This work addresses the hallucination and visual grounding issues in existing video event prediction methods, which arise from prematurely converting visual reasoning into text and thereby discarding fine-grained motion, geometric, and interaction cues. To overcome this limitation, the authors propose Future-L1, a novel framework that alternates between language tokens and continuous latent visual segments during autoregressive decoding, introducing for the first time an interleaved latent visual reasoning mechanism that preserves intermediate visual semantics to enable synergistic language-vision reasoning. Coupled with a newly curated Future-L1-50K dataset and a latent-aware reinforcement learning objective—LA-DAPO, incorporating outcome comparison and temporal diversity rewards—the method significantly boosts performance: it improves Qwen3-VL-8B’s score on FutureBench from 61.0 to 85.4, surpassing Video-CoE by 10.4 points, and raises the average score on TwiFF-Bench from 2.44 to 3.04, markedly enhancing visual consistency and prediction accuracy.

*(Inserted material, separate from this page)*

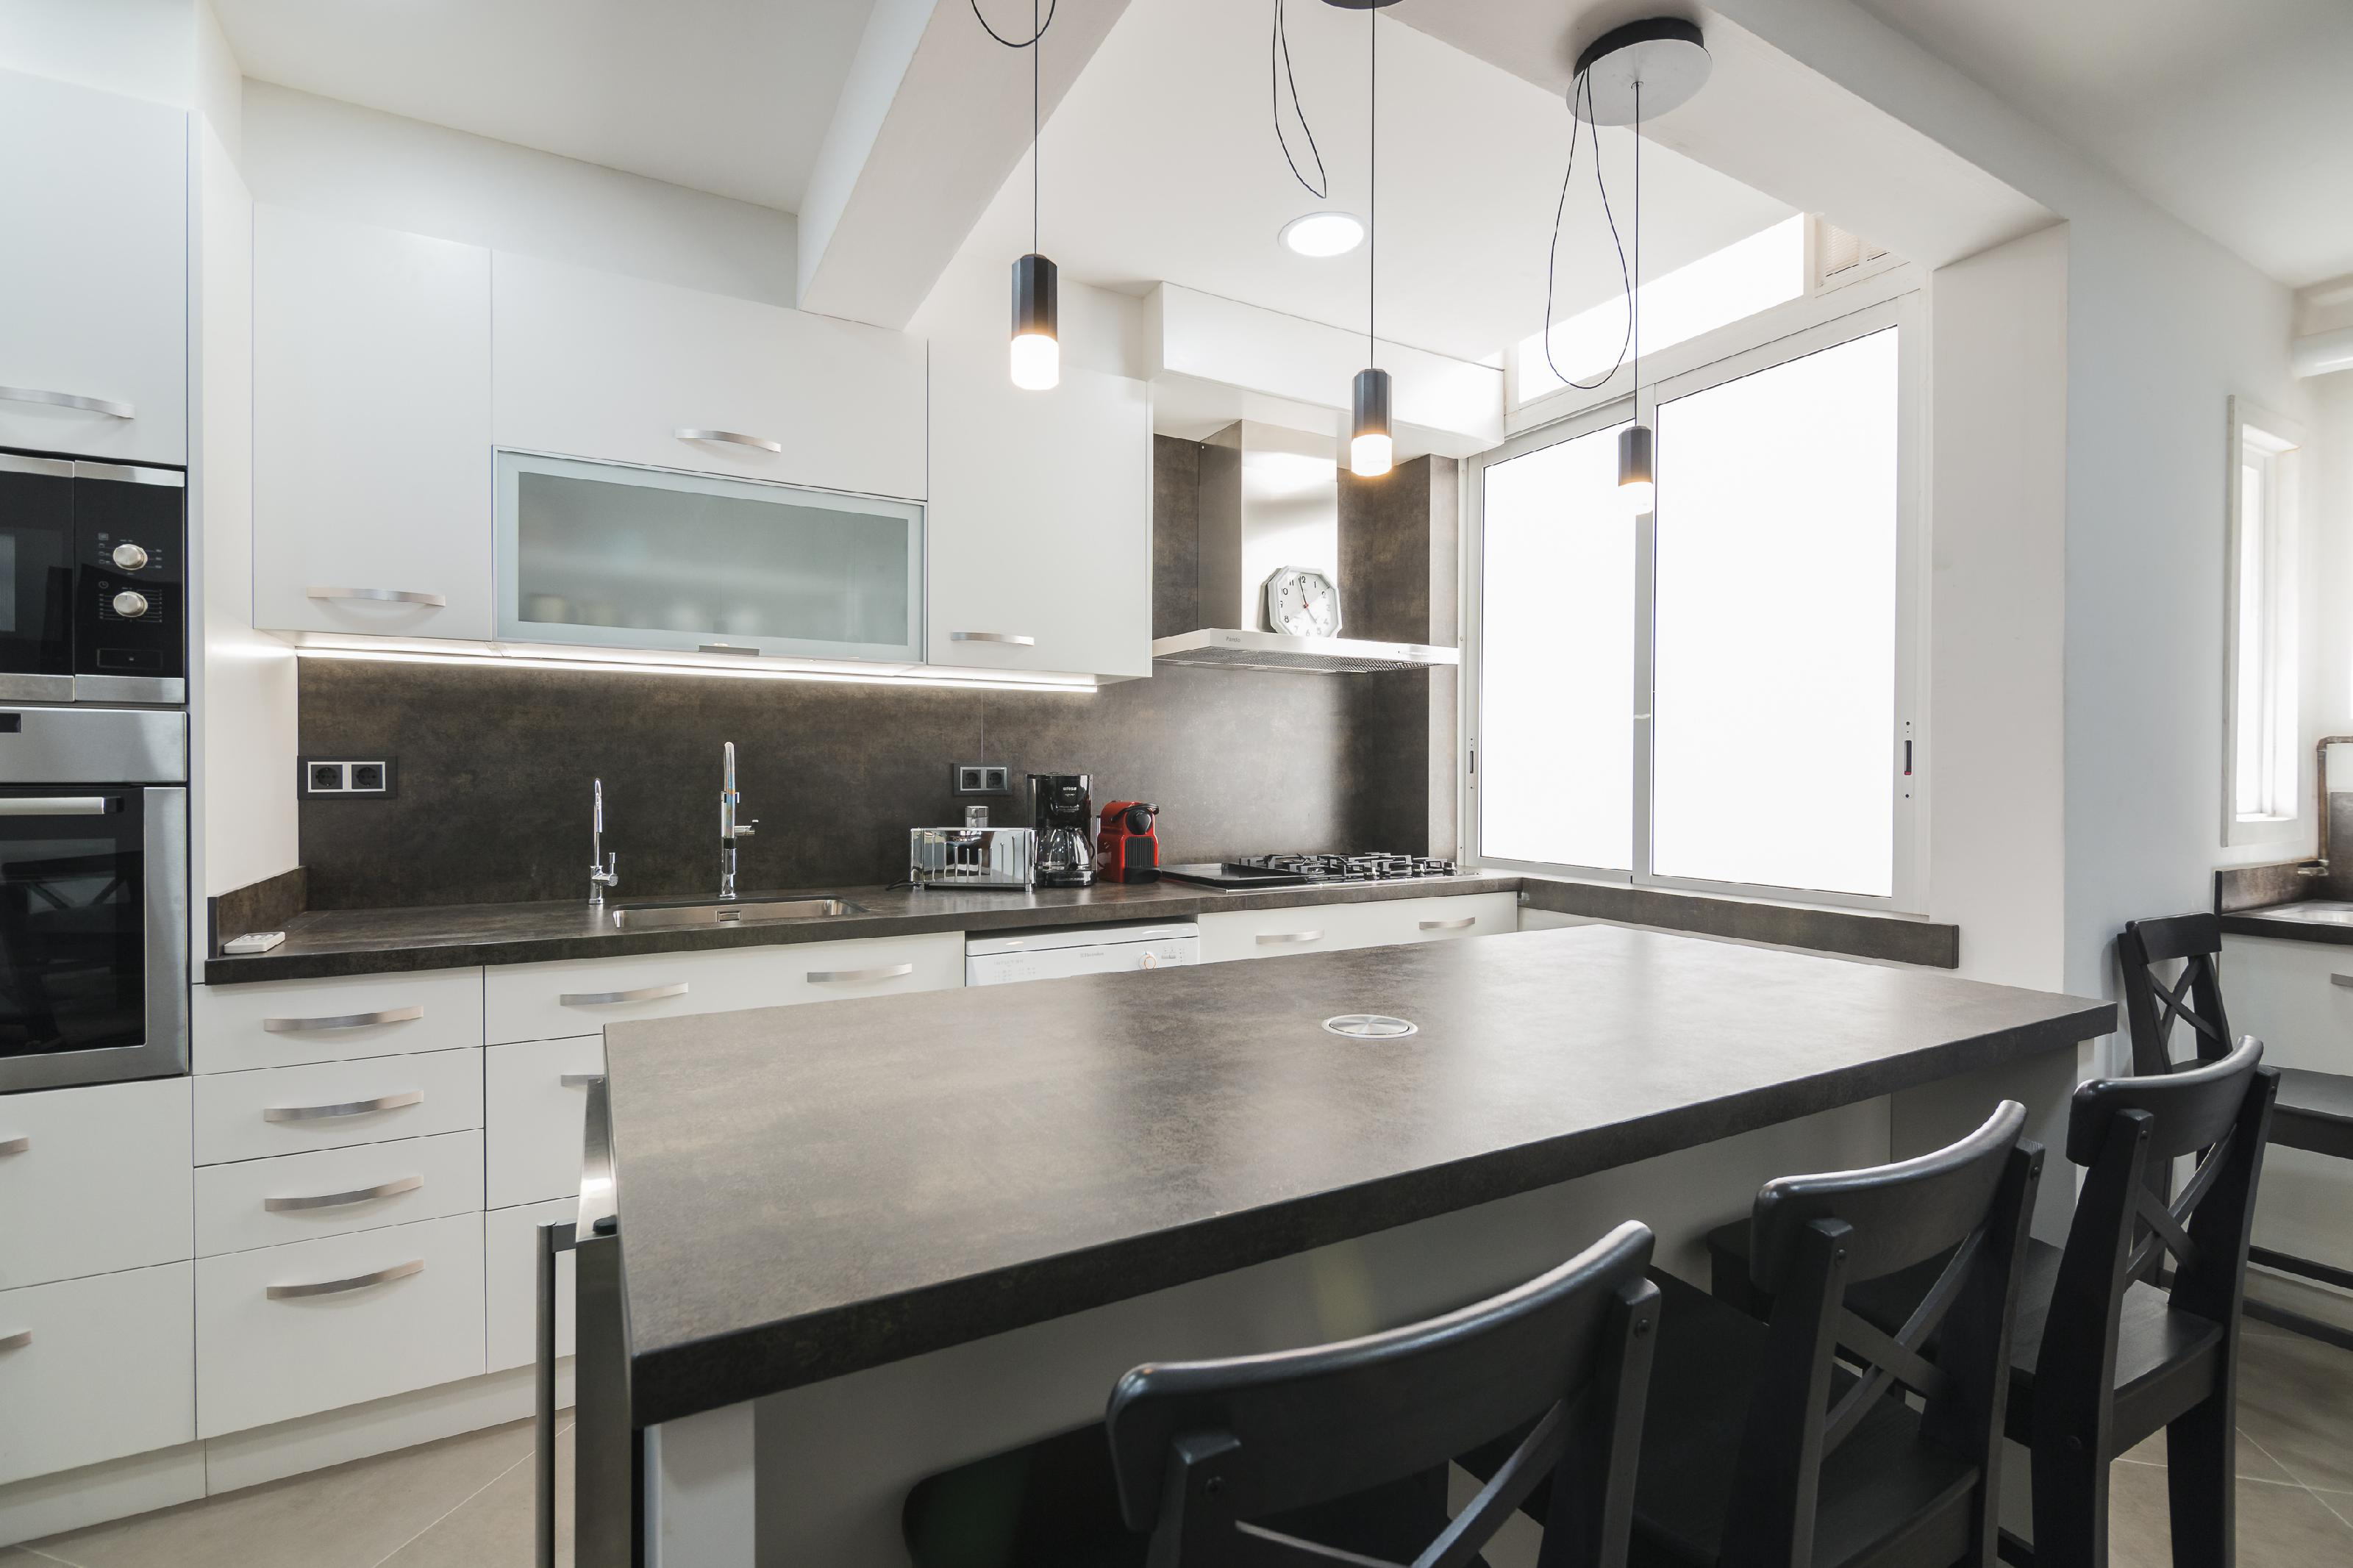 249856 Flat for sale in Sarrià-Sant Gervasi, Sant Gervasi-Galvany 15

Video event prediction (VEP) requires models to infer unobserved future states from partial video evidence. Existing video MLLMs usually verbalize intermediate future reasoning in text space: once visual evidence is verbalized, fine-grained motion, geometry, and interaction cues can be lost, leading to plausible but visually ungrounded hallucinations. We introduce Future-L1, an interleaved latent visual reasoning framework that lets an MLLM alternate between language tokens and continuous latent visual spans during autoregressive decoding. To train this capability, we construct Future-L1-50K by selecting examples where future visual hints help prediction and align latent states to future-frame embeddings, then further optimize sampled latent trajectories with LA-DAPO, a latent-aware RL objective with outcome-contrastive and temporal-diversity rewards. Future-L1 achieves new state-of-the-art results on both benchmarks: on FutureBench, it improves Qwen3-VL-8B from 61.0 to 85.4 and exceeds the previous best Video-CoE by 10.4 points; on TwiFF-Bench, it improves the average score from 2.44 to 3.04. These results suggest that future-oriented video reasoning benefits from preserving intermediate visual semantics in latent space rather than translating every reasoning step into text.